Introduction

Drosophila is a classic model animal, its neuromuscular junction (NMJ) is also a well-known neuroscience research model, which is widely used in many fields such as neurological diseases (Ashley et al. 2018; Banerjee et al. 2017), neurodevelopment (Belalcazar et al. 2021; Ramesh et al. 2021; Titus et al. 2021; Wang et al. 2021), neurodegeneration (Johnson et al. 2021), and neurosignal transmission (Krick et al. 2021; Metwally et al. 2021; Sidisky et al. 2021). Drosophila larval NMJ boutons are classified by three types synaptic boutons (types I, II, and III) (Guangming et al. 2020a; Jia et al. 1993), and they scattered in the shallow layers of muscles. The type I boutons (including type Ib and type Is) in the 6th/7th and 4th muscles are very suitable for the analysis of quantity and morphology by laser scanning confocal microscopy (Ashley et al. 2018; Featherstone et al. 2002). However, the diffuse NMJ boutons are not easy to observe via transmission electron microscopy (TEM), in which the visual range is extremely narrow. Therefore, due to boutons quantity, most studies consider the analysis of the ultrastructure of type I boutons in the 6th/7th muscles at segments A2 or A3 as an efficient strategy (Atwood et al. 1993; Jia et al. 1993).

The classic protocols for TEM of Drosophila recommend positioning type I boutons with half-thin slices and ultrathin sections (McDonald et al. 2012).
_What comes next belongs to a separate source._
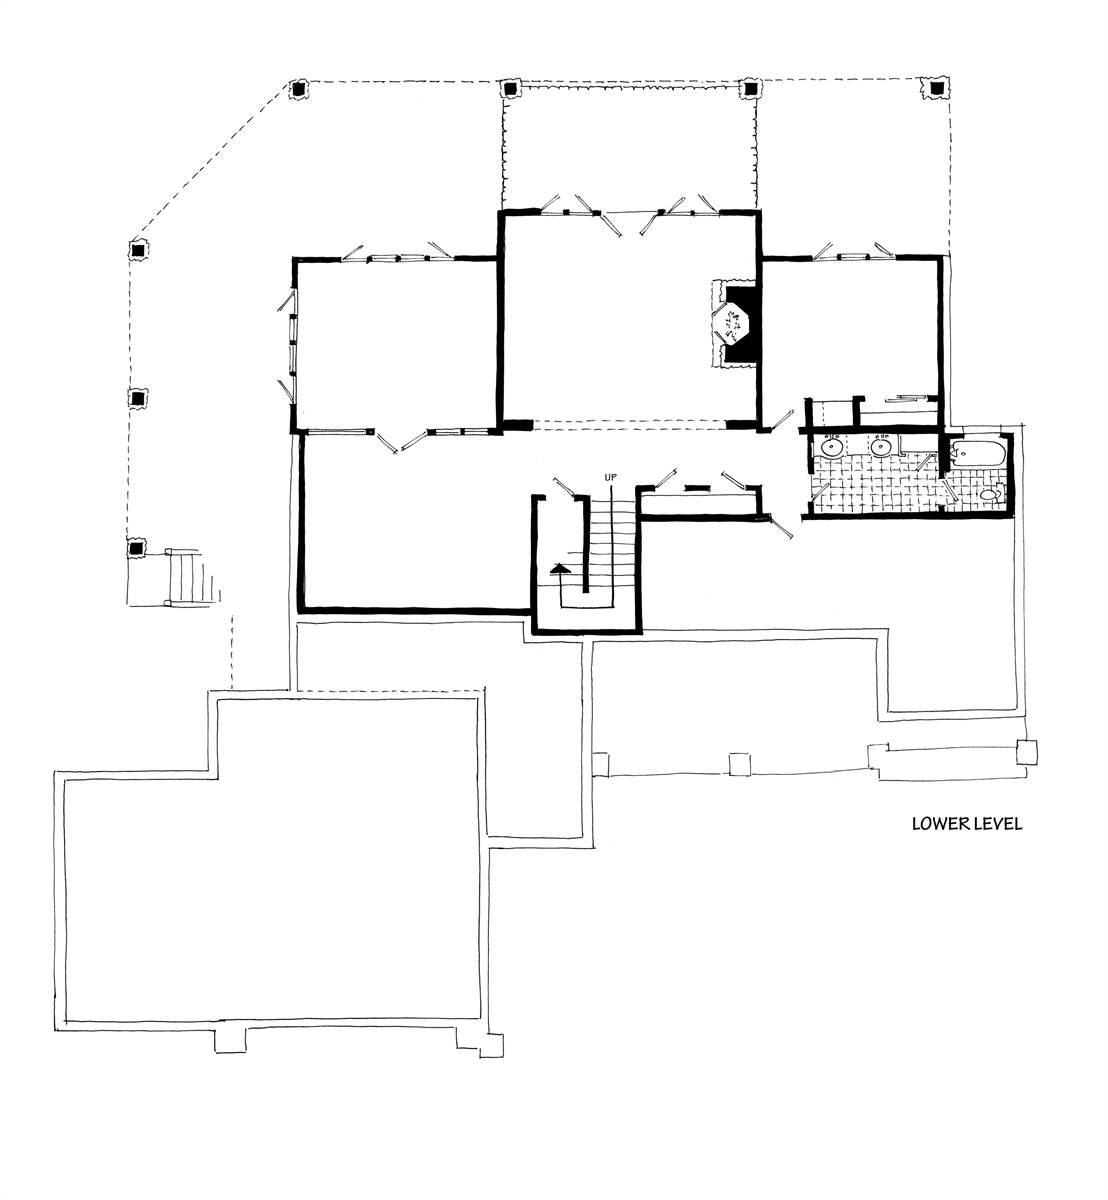 Lower Level Floor Plan

Because type Ib boutons are 3–5 μm in diameter (Atwood et al. 1993), it is easy to lose quite a few part of the type Ib boutons after half-thin slice positioning, and it is not easy to observe the central section of type Ib boutons in TEM. Therefore, data from more than 8 central type Ib boutons in 3 animals should be considered valuable; notably, the total number of type Ib boutons in the 6th/7th muscles at segment A2 or A3 was greater than 40. Type I boutons are distributed along the length of the muscle, and longitudinal sections have been widely used for reducing the workload, except for the few early studies that used crosscutting (Budnik et al. 1990).

However, the fixed muscular sample of Drosophila larvae is very thin and easily curled in the process of alcohol/acetone dehydration, which is more unfavorable for positioning muscle and NMJ boutons. Some papers used the shortened samples to reduce curl (Banerjee et al. 2017), but it still did not prevent the sample from bending. Here, we reported a processing procedure to obtain a completely flat muscular sample, and easy to position NMJ boutons.

Materials and methods of TEM

The Drosophila melanogaster white mutant W1118 strain was used as the wild-type control in this study, and it was cultured in standard medium at 25 °C. The materials for sample preparation via dehydration and embedding included the following: flat-bottomed glass (or plastic) test tubes of 2.5 cm in diameter, 18 steel mesh (copper or stainless steel net), bottle stopper or sponge plug with a flat test tube, and polyvinyl film (0.2 mm thick).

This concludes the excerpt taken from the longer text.